Workers at a distillery outside New Delhi produce around 10,000 bottles of the highly acclaimed Indian single malt, Indri, every day from oak casks that once held wine and bourbon. Declared the best whisky in the world recently, Indri is upending major international brands and transforming India’s $33 billion alcohol business.
Rather than the customary peat bogs, Piccadily’s distillery is situated among mustard and sugarcane fields. India is becoming more of a producer of whiskey than a mere consumer, and its single malts—such as Radico Khaitan’s Indri, Amrut, and Rampur—are changing the country’s spirits market.
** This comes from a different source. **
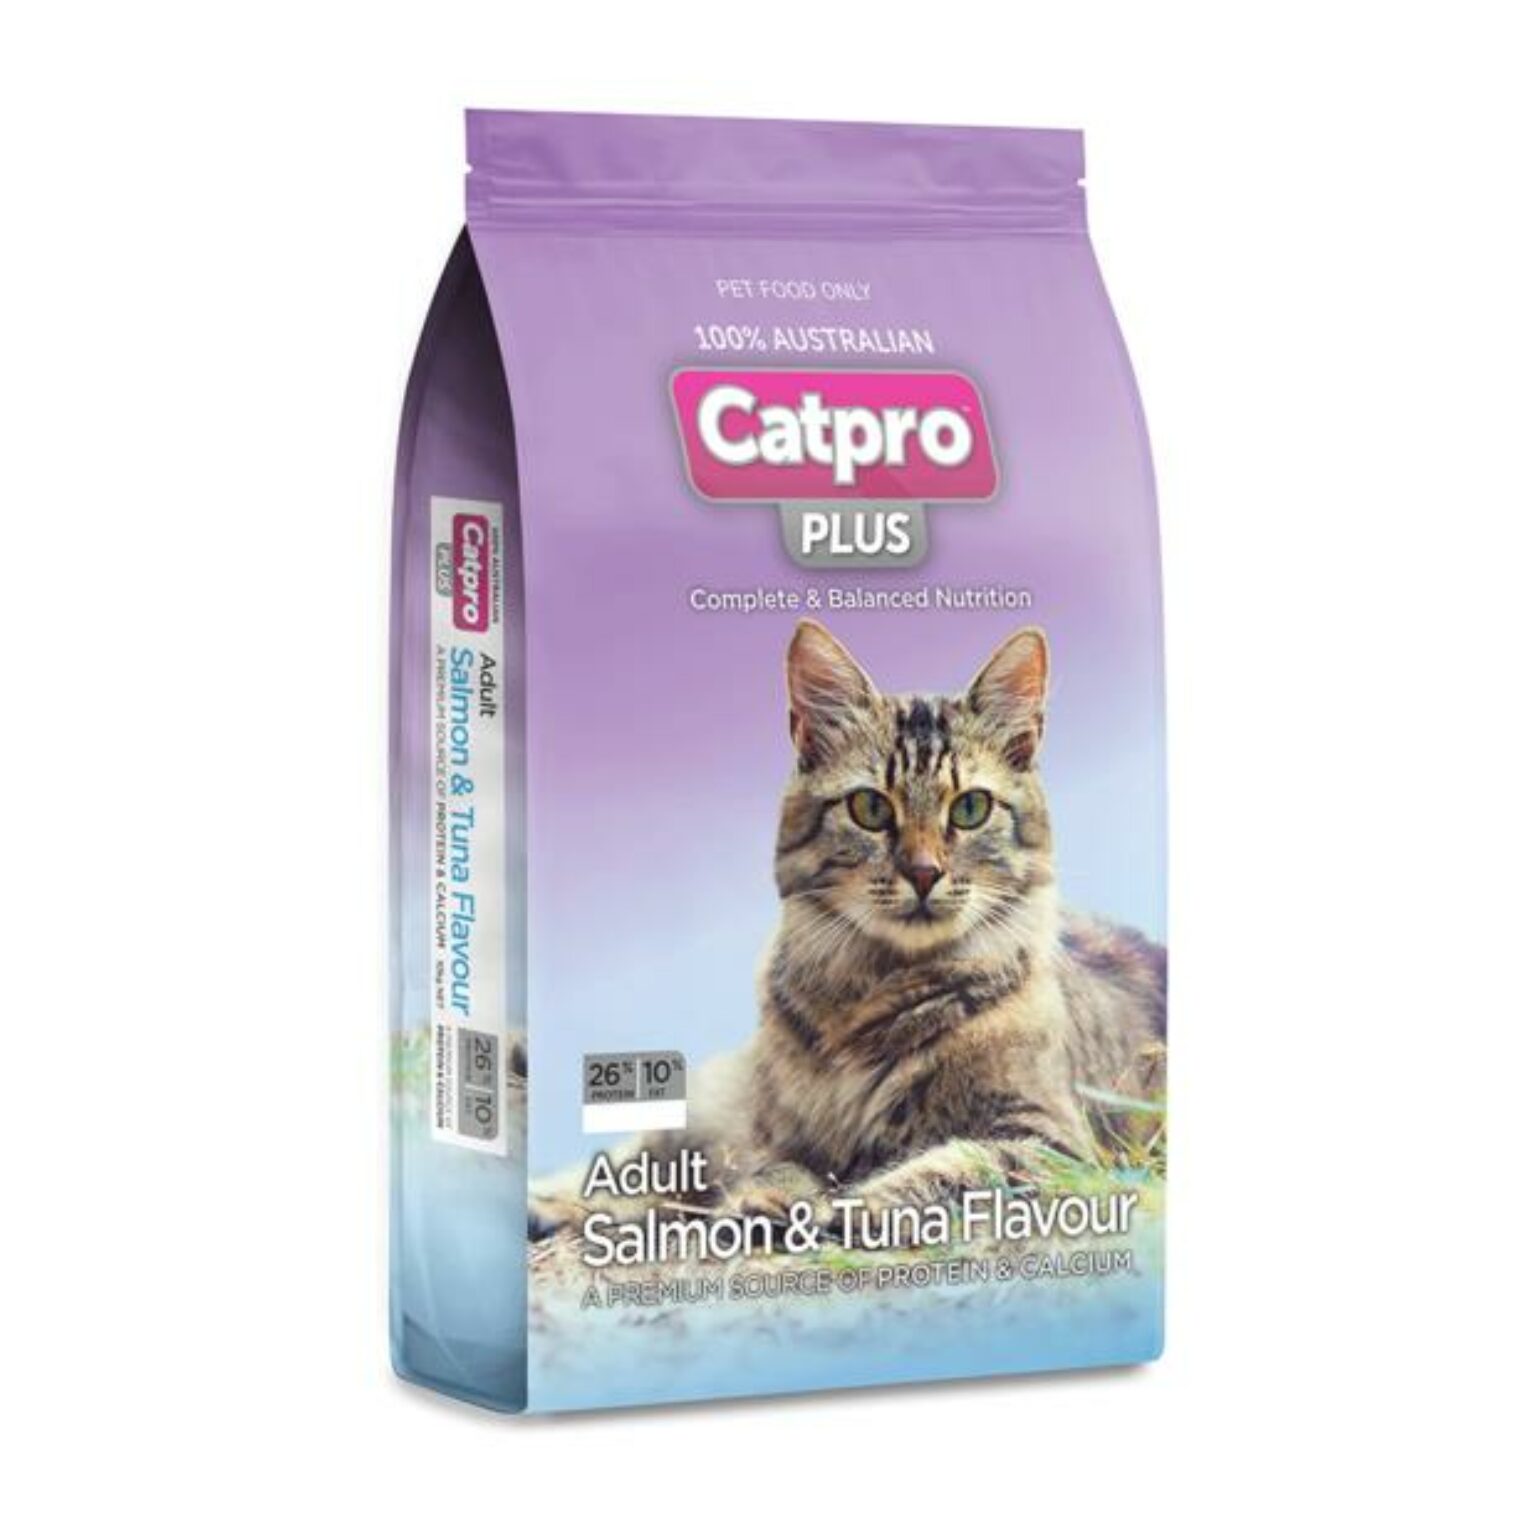 Catpro Plus Salmon And Tuna Dry Cat Food 10kg | Pet Food Reviews ...

India stands out as a country that mostly drinks whisky, in contrast to many Asian nations where beer dominates the alcohol market. The whiskey scene in India has seen substantial transformation as a result of the convergence of international prizes, growing wealth, and an adventurous mood among drinkers during the COVID-19 shutdown.
Aditya Prakash Rao, who used to buy international brands, now proud to buy Indian malts since he knows they go well with spicy Indian food. At the Whiskies of the World Awards, Indri’s Diwali Collector’s Edition, which retails for $421, defeated competitors from the United States and Scotland to win “Best in Show.”
Global firms who have previously concentrated on Scotch are now eyeing India’s burgeoning whisky industry as they recognize the trend of embracing Indian whiskies. With intentions to expand globally, Pernod recently released Longitude 77, its first made-in-India single malt, priced at $48.
The chief marketing officer of Pernod India, Kartik Mohindra, expressed optimism regarding the category’s extraordinary growth. The competitor of Pernod, Diageo, introduced Godawan, the country’s first Indian single malt, last year and sold it in five overseas countries, including the US.
The data shows a significant change in consumer tastes, with Amrut overtaking Pernod’s Glenlivet, which was previously the best-selling single malt in India. IWSR Drinks Market Analysis shows that in 2021–2022, Indian single malts expanded by an astounding 144%, surpassing the growth of Scotch, which was up 32%.
The company that makes Indri, Piccadily Distilleries, plans to increase production capacity by 66% to 20,000 liters per day by 2025 in order to meet the growing demand outside of the 18 international markets that account for 30% of its sales. There are plans to expand the acreage of the vast distillery 160 km north of New Delhi to 100,000 casks.
Local brands like Rampur, Amrut, and Indri are not inexpensive, but their quality and attractiveness are on par with those of international names. With Diageo and Pernod taking the initiative to create Indian single malts, it appears that the future holds great promise for those in the sector who understand its potential. The category is unquestionably “a category of the future,” according to Sanjeev Banga, head of international business at Radico.